It was my mom's birthday on Friday, so I decided to surprise her with pumpkin pie, her favorite. So I searched online for a good filling, since I already have a great crust recipe. The recipe I found online, was not as nearly as original as I thought. I won't out the person but the pie filling recipe that I found, except for 1 ingredient, was identical to the recipe on the Libby's 100% Pure Pumpkin can. The recipe on the can is excellent. It is not so sweet that it masks the taste of pumpkin and the spice ratio is just right. The only thing I did differently was that I used fresh ginger to ground ginger. In fact, I probably could have added a bit more fresh ginger than what I added.

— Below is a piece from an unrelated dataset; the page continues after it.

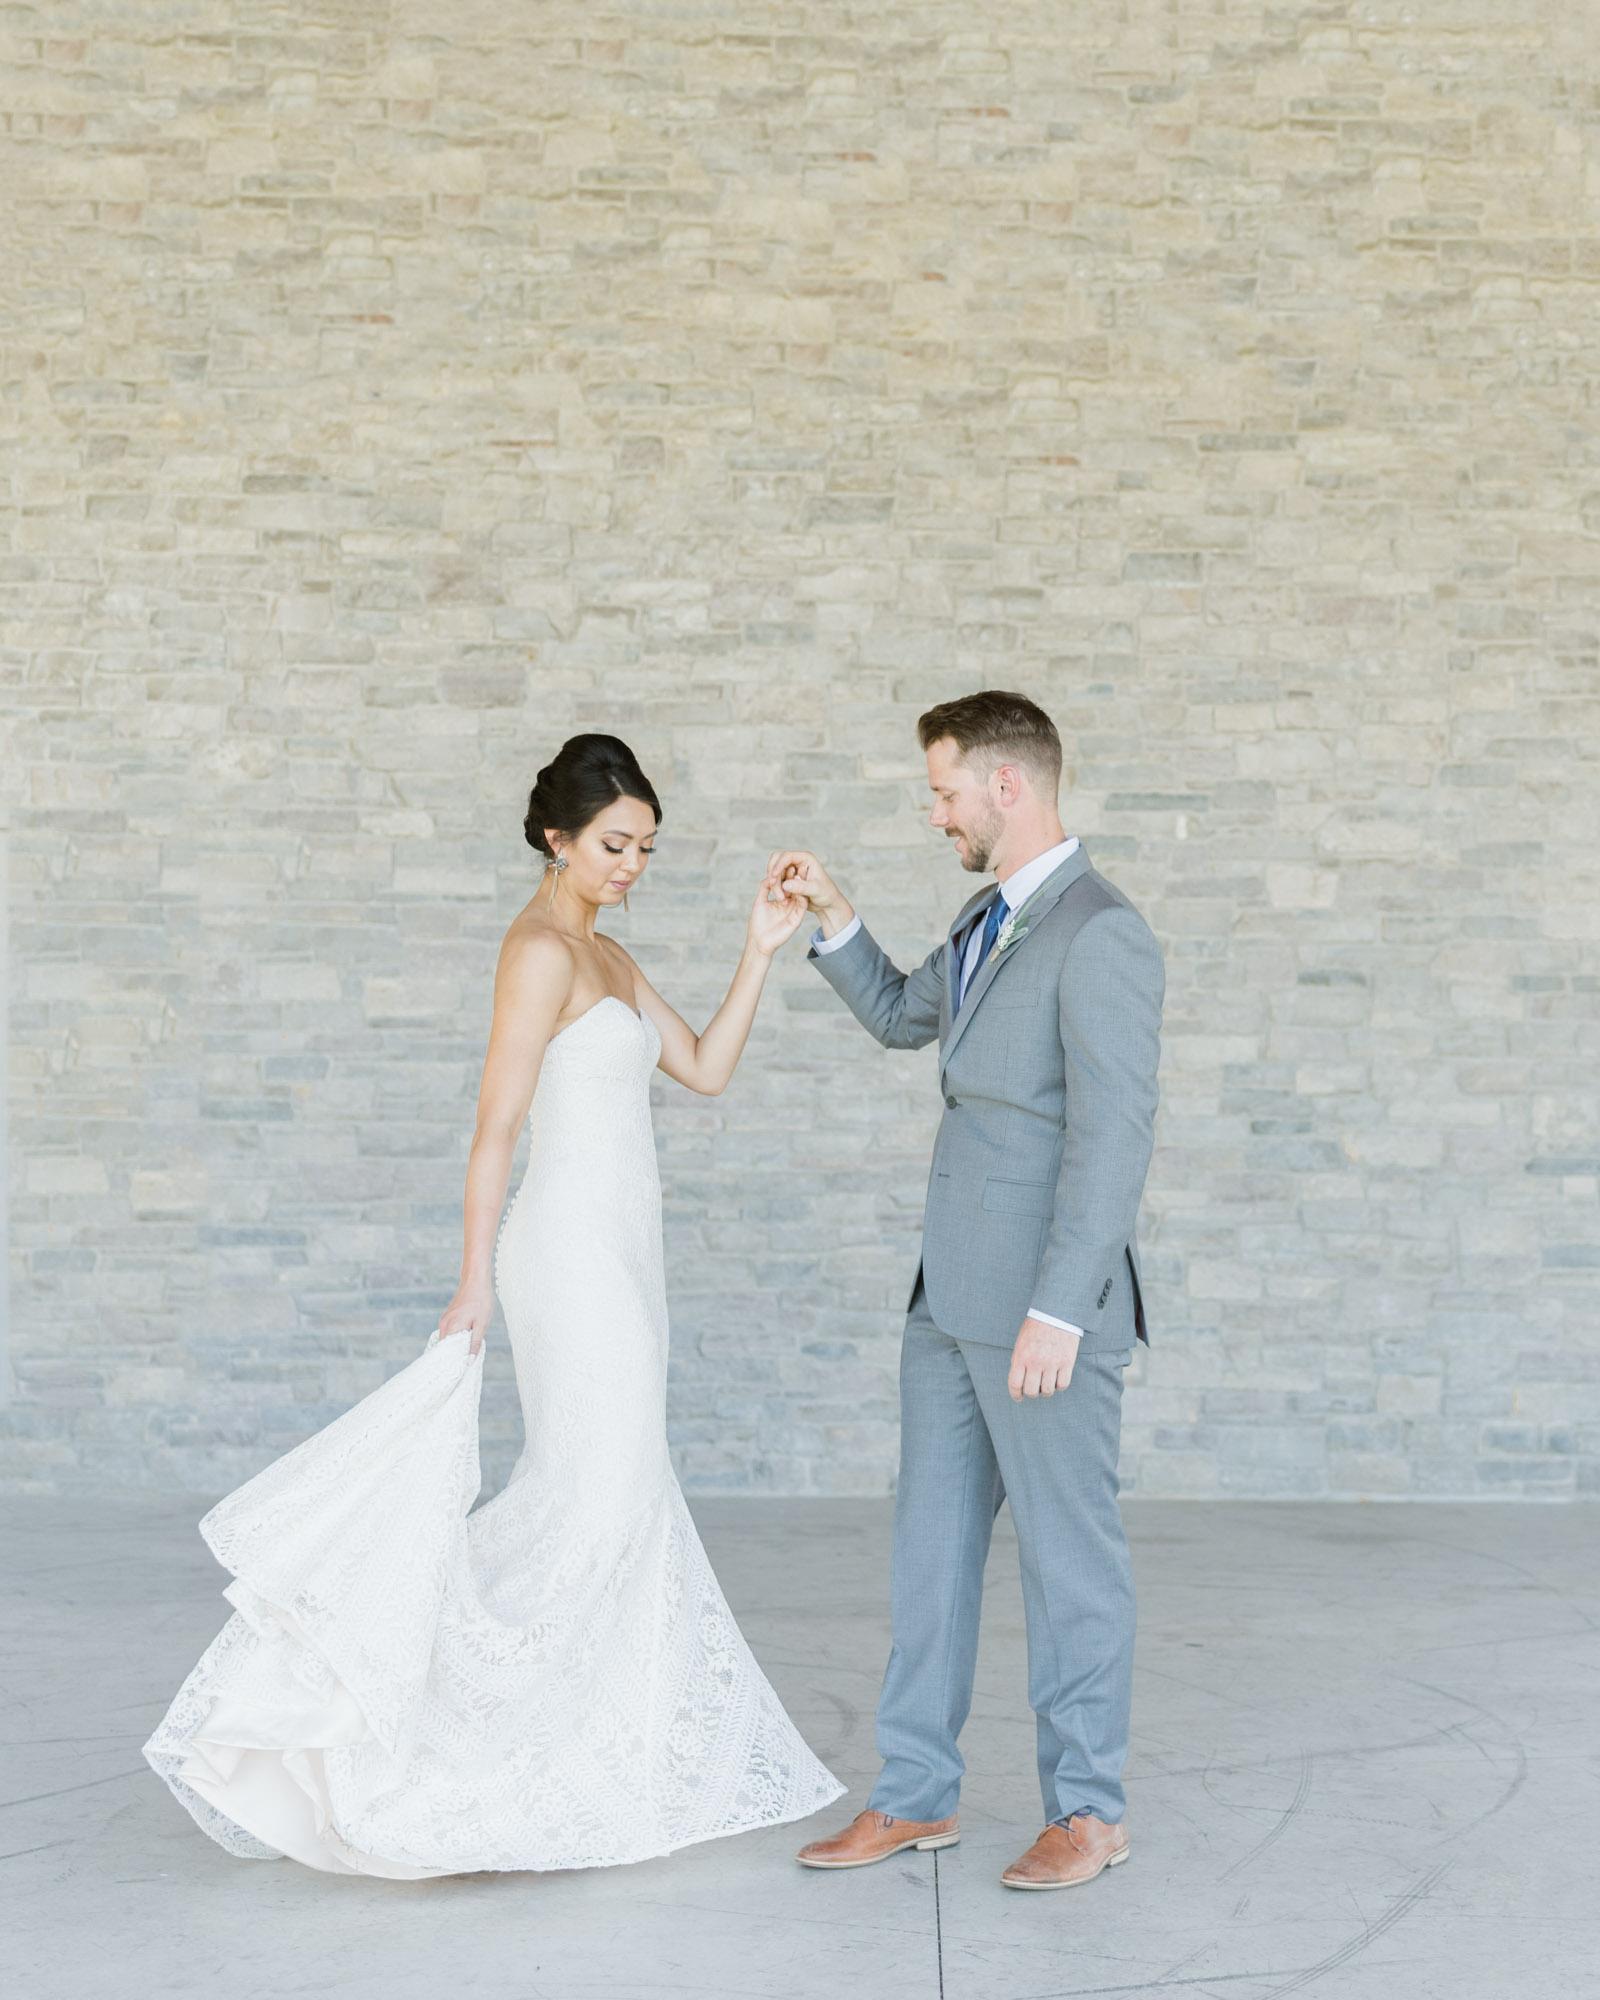 Gavyn-Taylor-Photo_Woolen-Mills-Wedding (31 of 143).jpg

My mom, who has really high cooking standards, said that my pie was better than even hers, which is quite the compliment.
Makes 8 servings
Cooking Time: 10 minutes
-3/4 c sugar
-1/2 tsp salt
-1 tsp ground cinnamon
-1/2 tsp fresh ginger
-1/4 tsp ground cloves
-2 large eggs
-1 can (15 oz.) Pumpkin
-1 can (12 fl. oz.) evaporated milk
-1 pie crust recipe
Mix sugar, salt, cinnamon, ginger, and cloves in small bowl. Beat eggs in large bowl. Stir in pumpkin and sugar-spice mixture. Gradually stir in evaporated milk. Pour into pie shell. Bake in pre-heated 425 degree oven for 15 minutes. Reduce temp. to 350 F and bake 40-50 minutes or until knife inserted near center comes out clean. Cool on wire rack for 2 hours. Serve immediately or refrigerate.
I baked the pie on the second shelf from the bottom (similar to how I baked the blueberry pie), but never moved it to the top shelf. After the 15 minutes, I covered the edge of the pie crust with foil to prevent further browning.